Algemene beschrijving
Hemoglobinesaturatie staat voor de hoeveelheid HbO2(oxyhemoglobine): hemoglobine (Hb) gebonden met zuurstof. Met
andere woorden, het geeft de saturatie van HbO2in het bloed aan. Het is een cruciale fysiologische parameter voor het
ademhalingssysteem. Veel aandoeningen aan de luchtwegen kunnen leiden tot een afname van de SpO2-saturatie.
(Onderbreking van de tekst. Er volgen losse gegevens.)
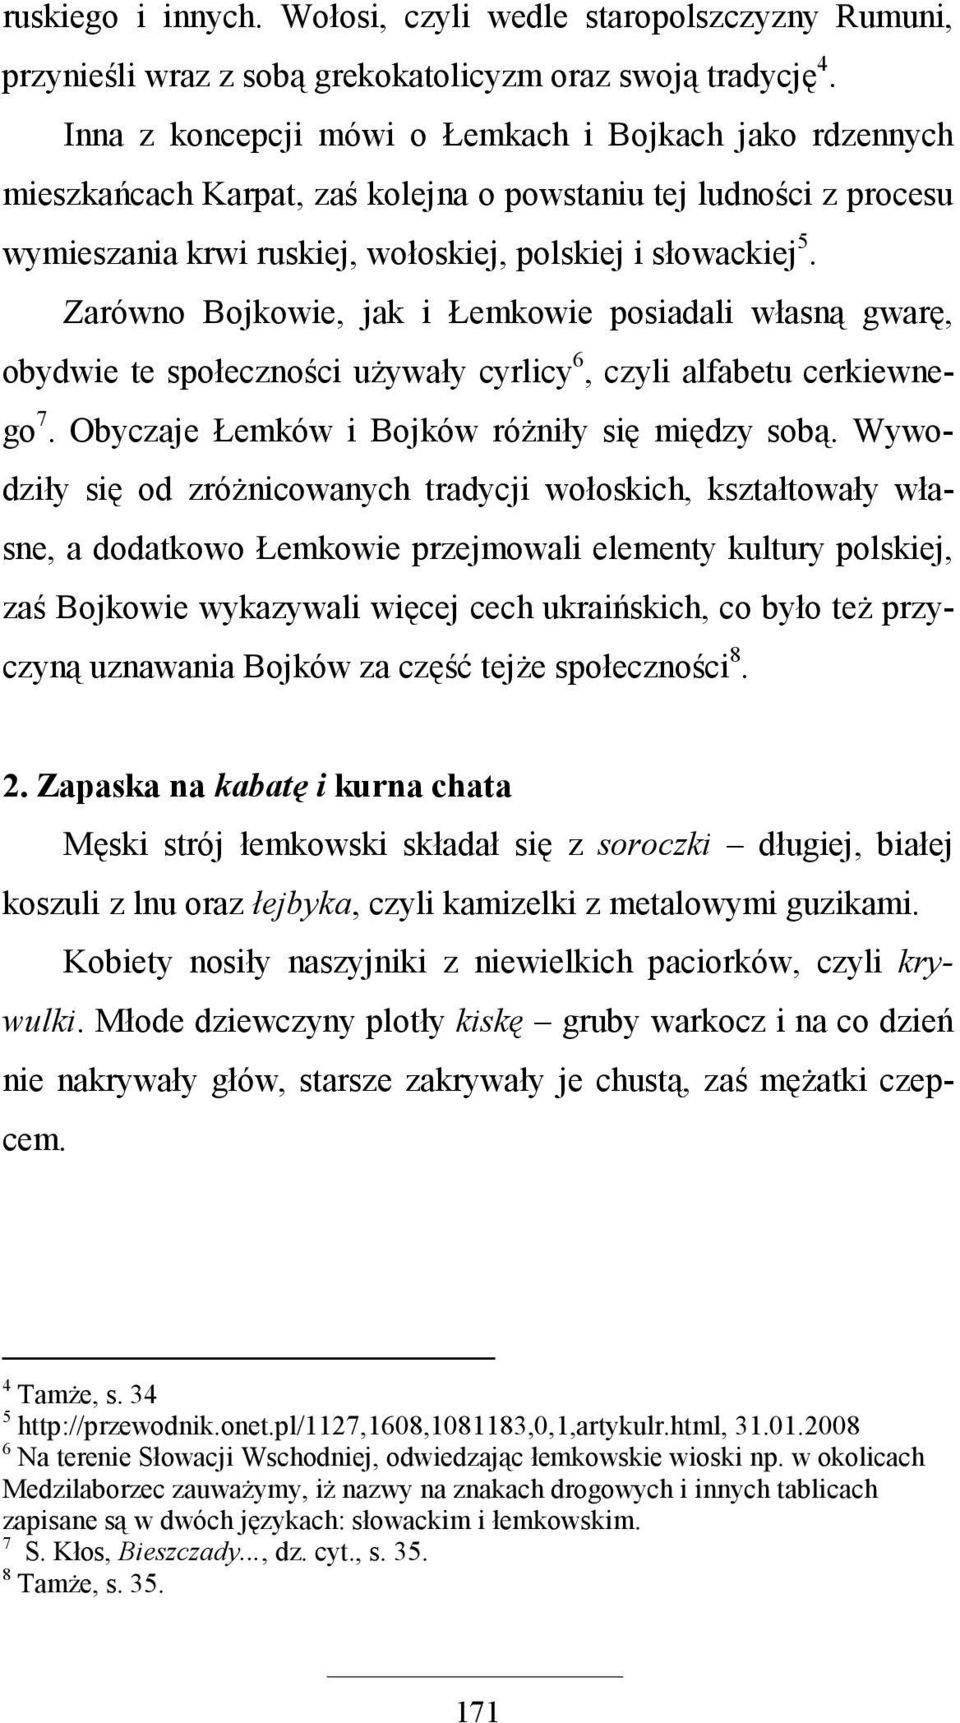 Zarówno Bojkowie, jak i Łemkowie posiadali własną gwarę, obydwie te społeczności uŝywały cyrlicy 6, czyli alfabetu cerkiewnego 7. Obyczaje Łemków i Bojków róŝniły się między sobą.

Bovendien kunnen factoren als storingen als gevolg van een automatische, natuurlijke aanpassing door anesthesie,
neveneffecten van grote operaties en verwondingen ontstaan bij lichamelijk onderzoek ook problemen opleveren in een
wisselende SpO2-saturatie, die dan weer kan bijdragen aan klachten als flauwte, overgeven, algehele malaise enz. Het
uitblijven van de juiste medische hulp kan in zulke gevallen levensgevaarlijk zijn. Het is heel aannemelijk dat doktoren voor
het achterhalen van de bron van de problemen het SpO2-saturatieniveau van een patiënt als referentie nemen om de pijn van
de patiënt op een effectieve manier te verlichten en zo spoedig mogelijk een geschikt behandelplan toe te kunnen passen.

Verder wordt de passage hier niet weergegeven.